─── Material provided

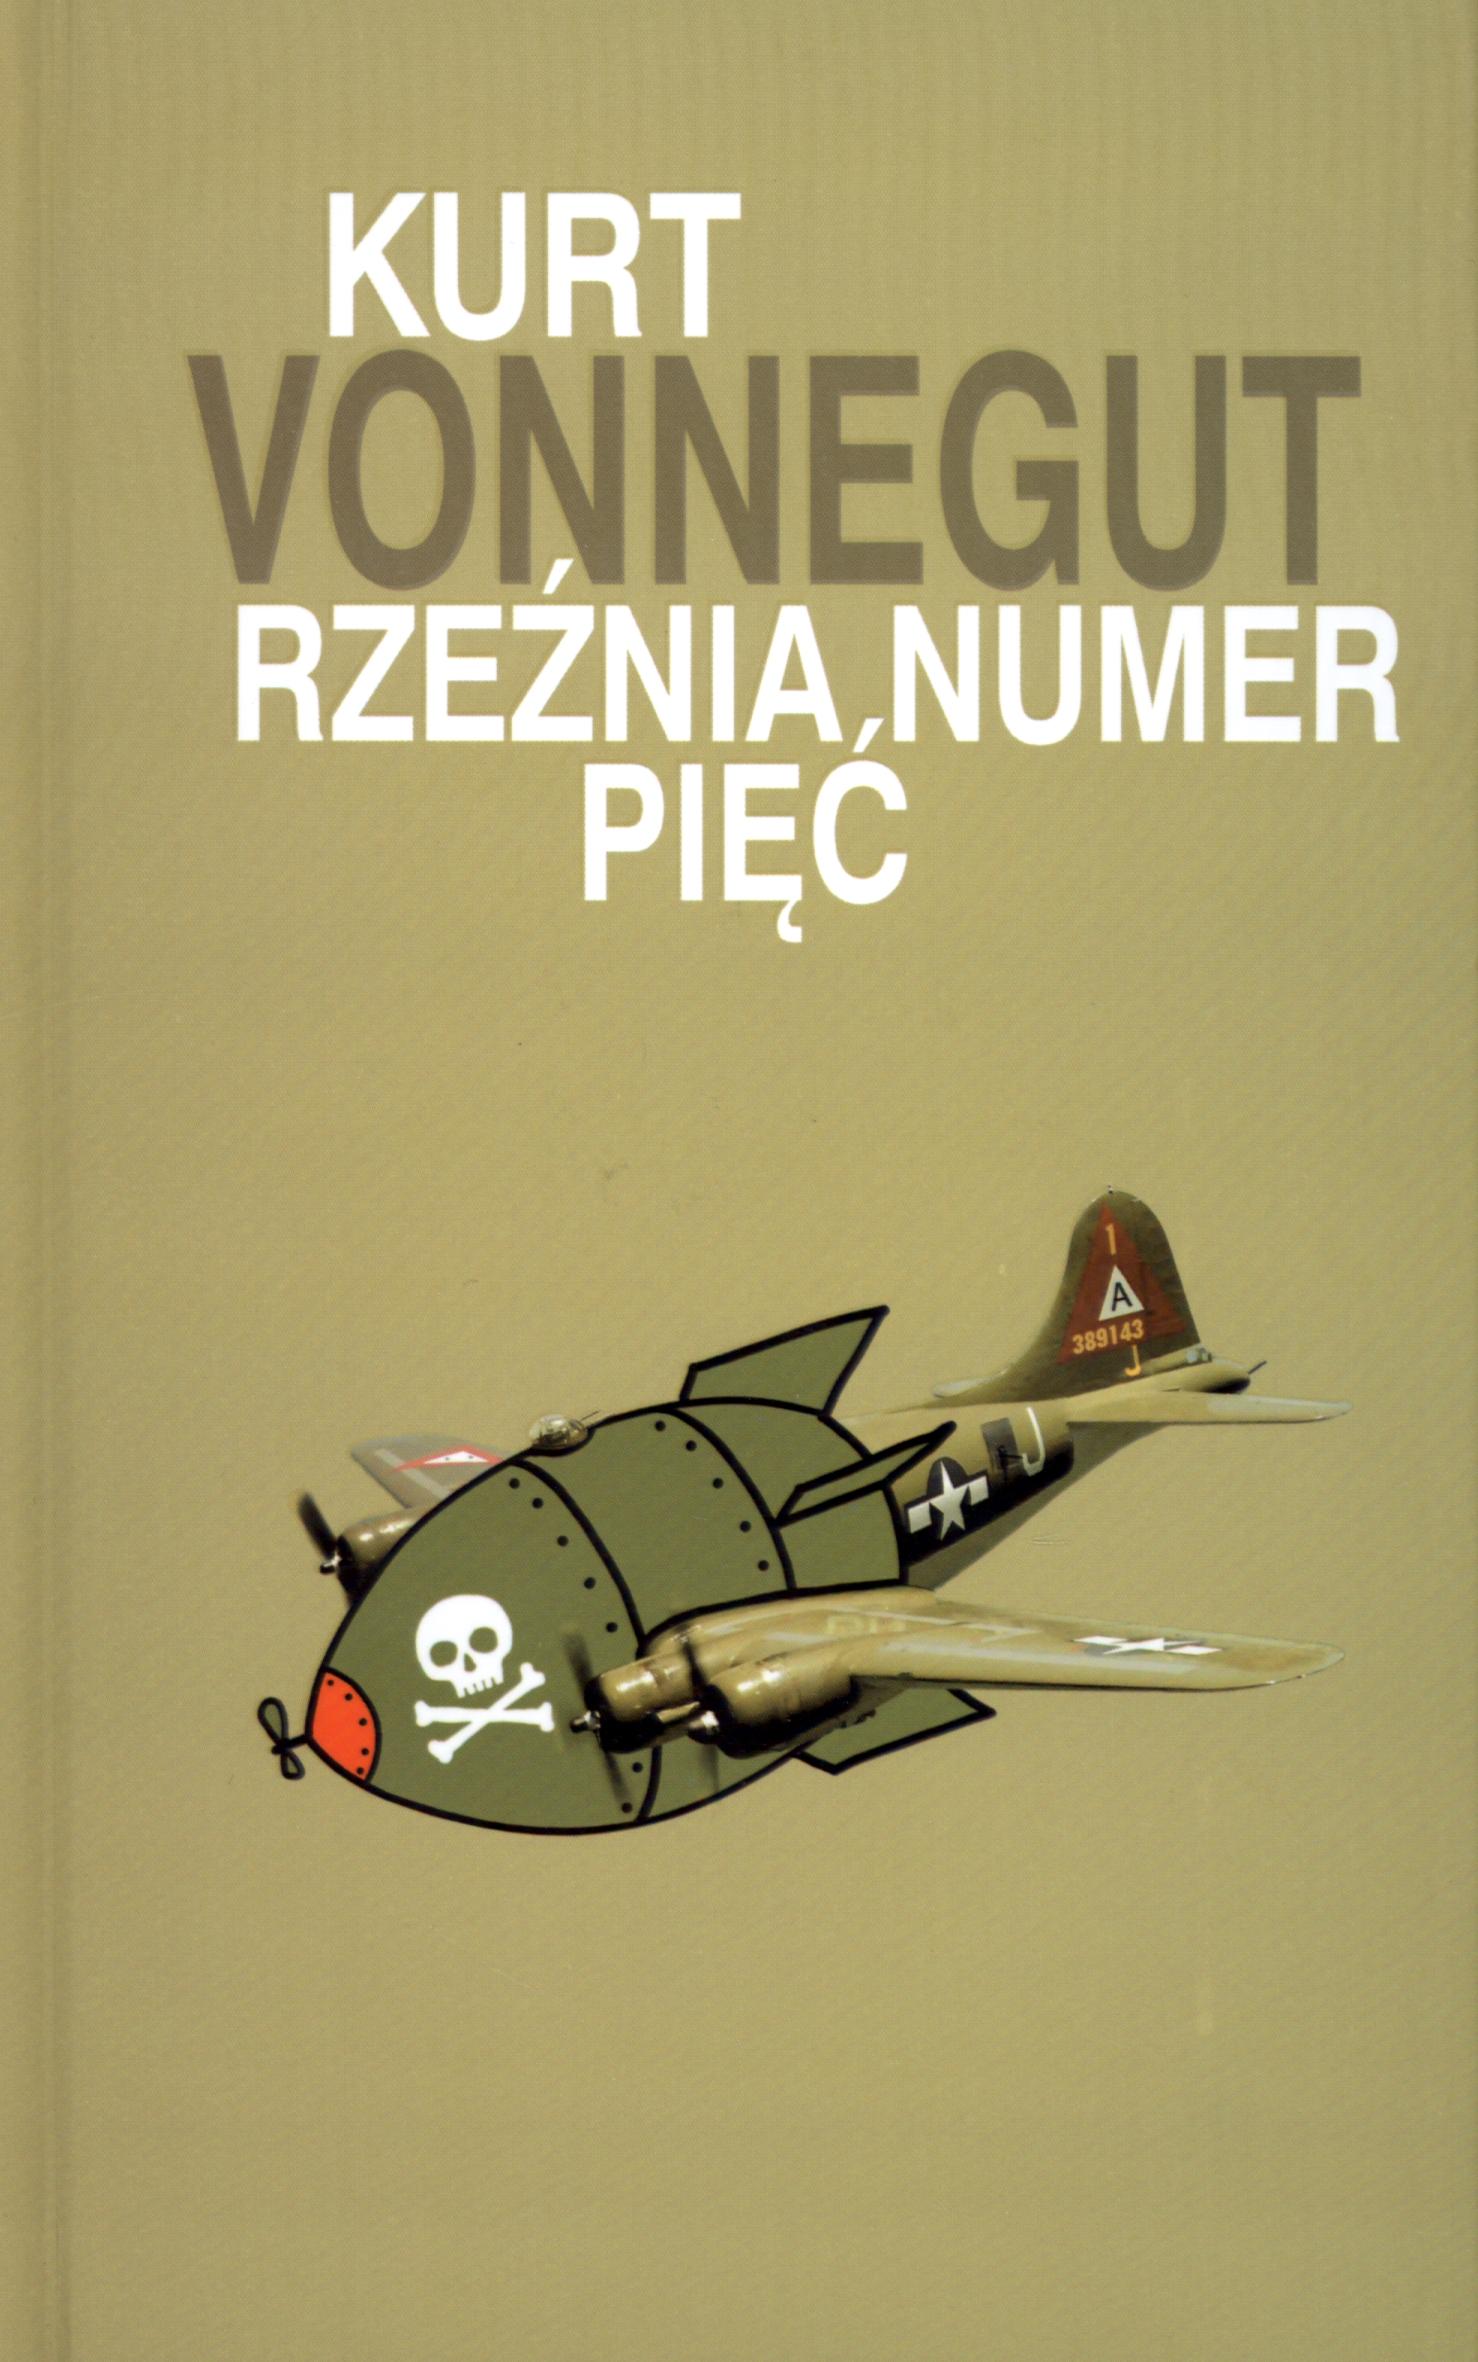 Kurt Vonnegut – Rzeźnia, numer pięć
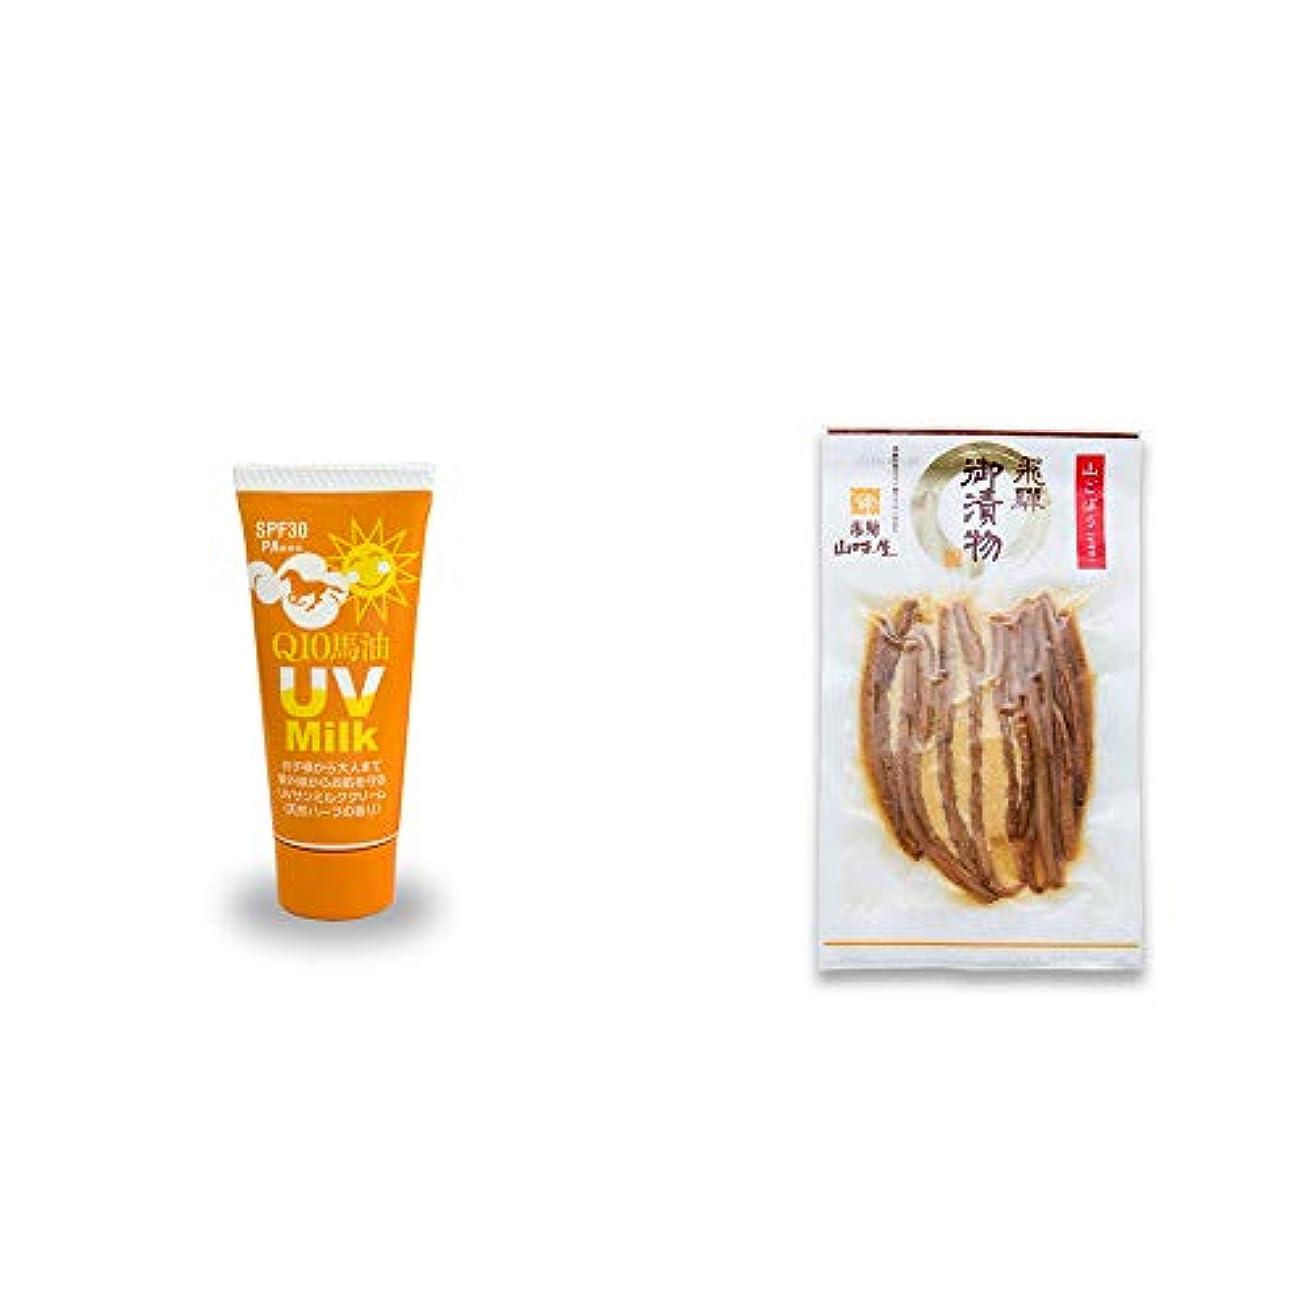 箱保証準備ができて[2点セット] 炭黒泉 Q10馬油 UVサンミルク[天然ハーブ](40g)?飛騨山味屋 山ごぼう味噌漬(80g)
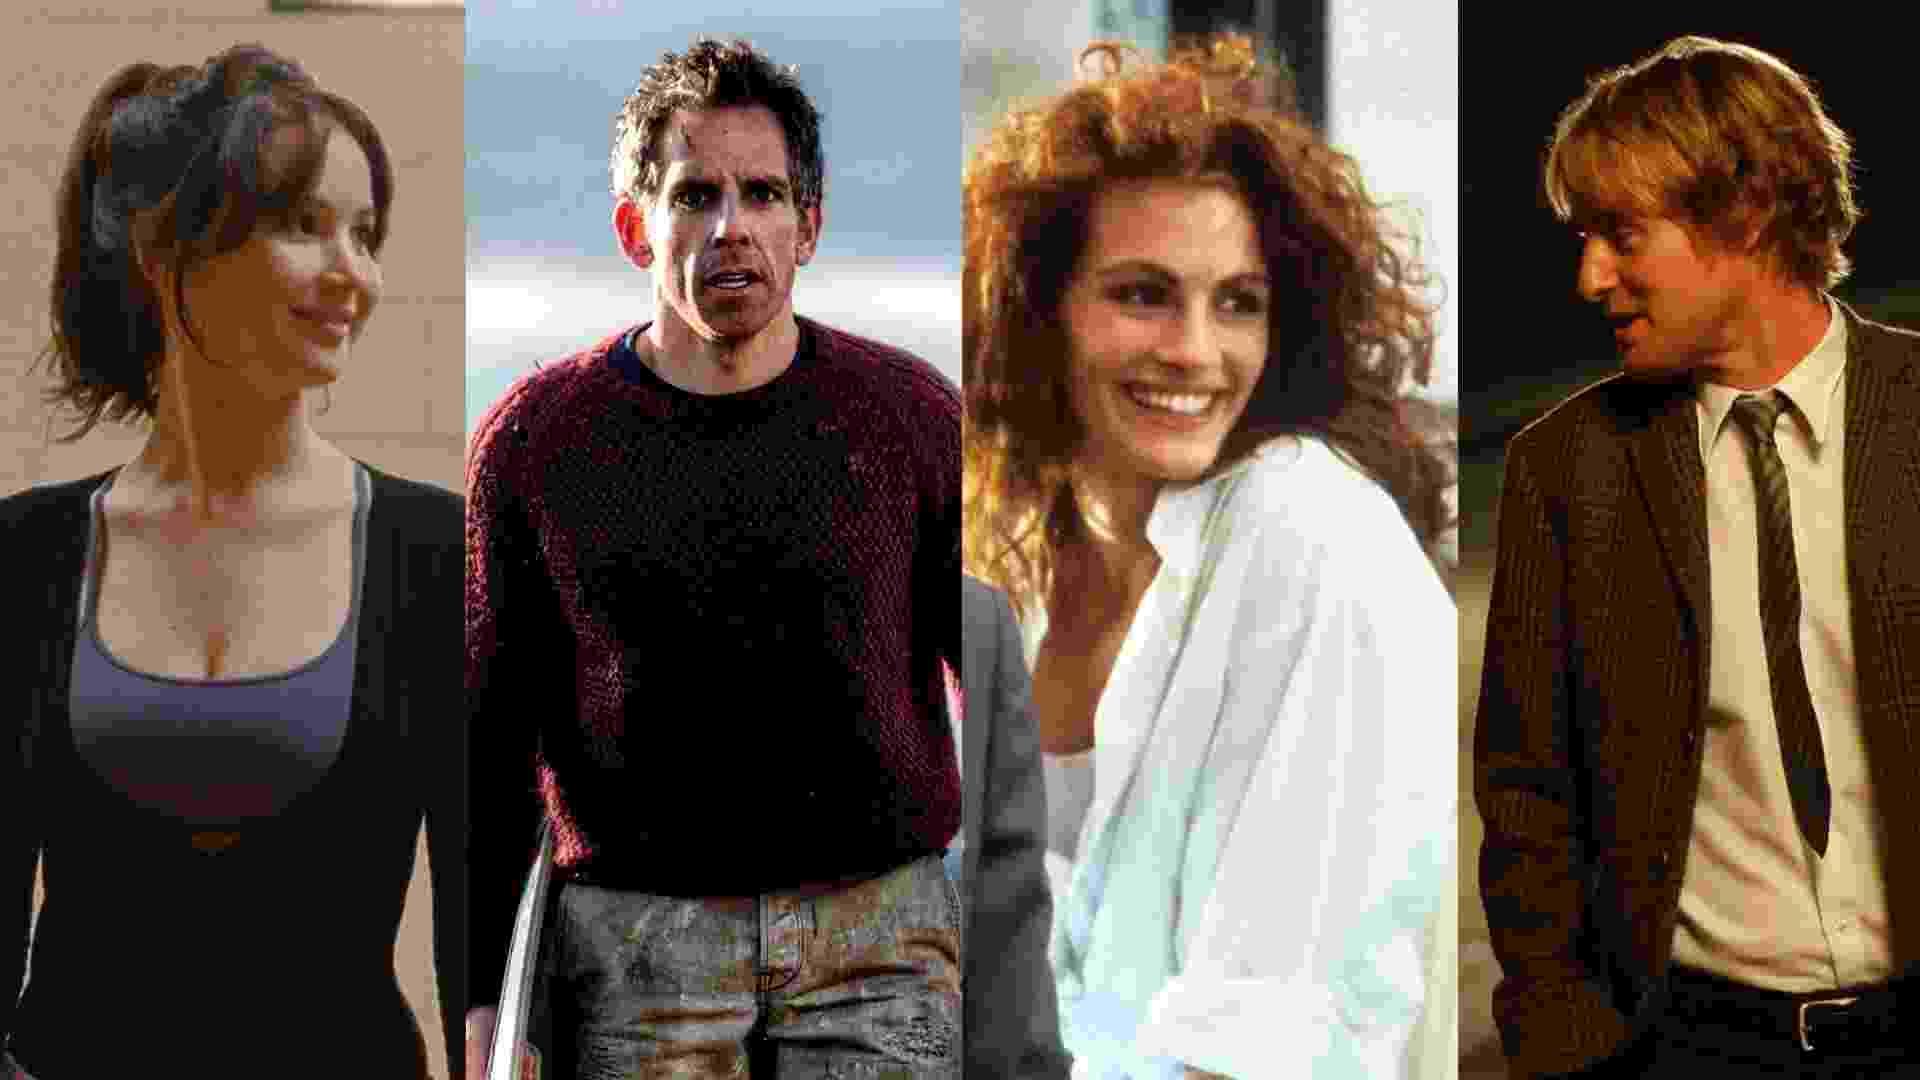 """Cenas dos filmes """"O Lado Bom da Vida"""" (2012), de David O. Russell, """"A Vida Secreta de Walter Mitty"""" (2013), """"Uma Linda Mulher"""" (1990), """"Meia-Noite em Paris"""" (2011) - Reprodução/Montagem"""

──────

**Exercise goal:**
Omit every picture, then reproduce the rest of the listing exactly.

**Task response:**
 Kurt Vonnegut – Rzeźnia, numer pięć
 箱保証準備ができて[2点セット] 炭黒泉 Q10馬油 UVサンミルク[天然ハーブ](40g)?飛騨山味屋 山ごぼう味噌漬(80g)
 """Cenas dos filmes """"O Lado Bom da Vida"""" (2012), de David O. Russell, """"A Vida Secreta de Walter Mitty"""" (2013), """"Uma Linda Mulher"""" (1990), """"Meia-Noite em Paris"""" (2011) - Reprodução/Montagem"""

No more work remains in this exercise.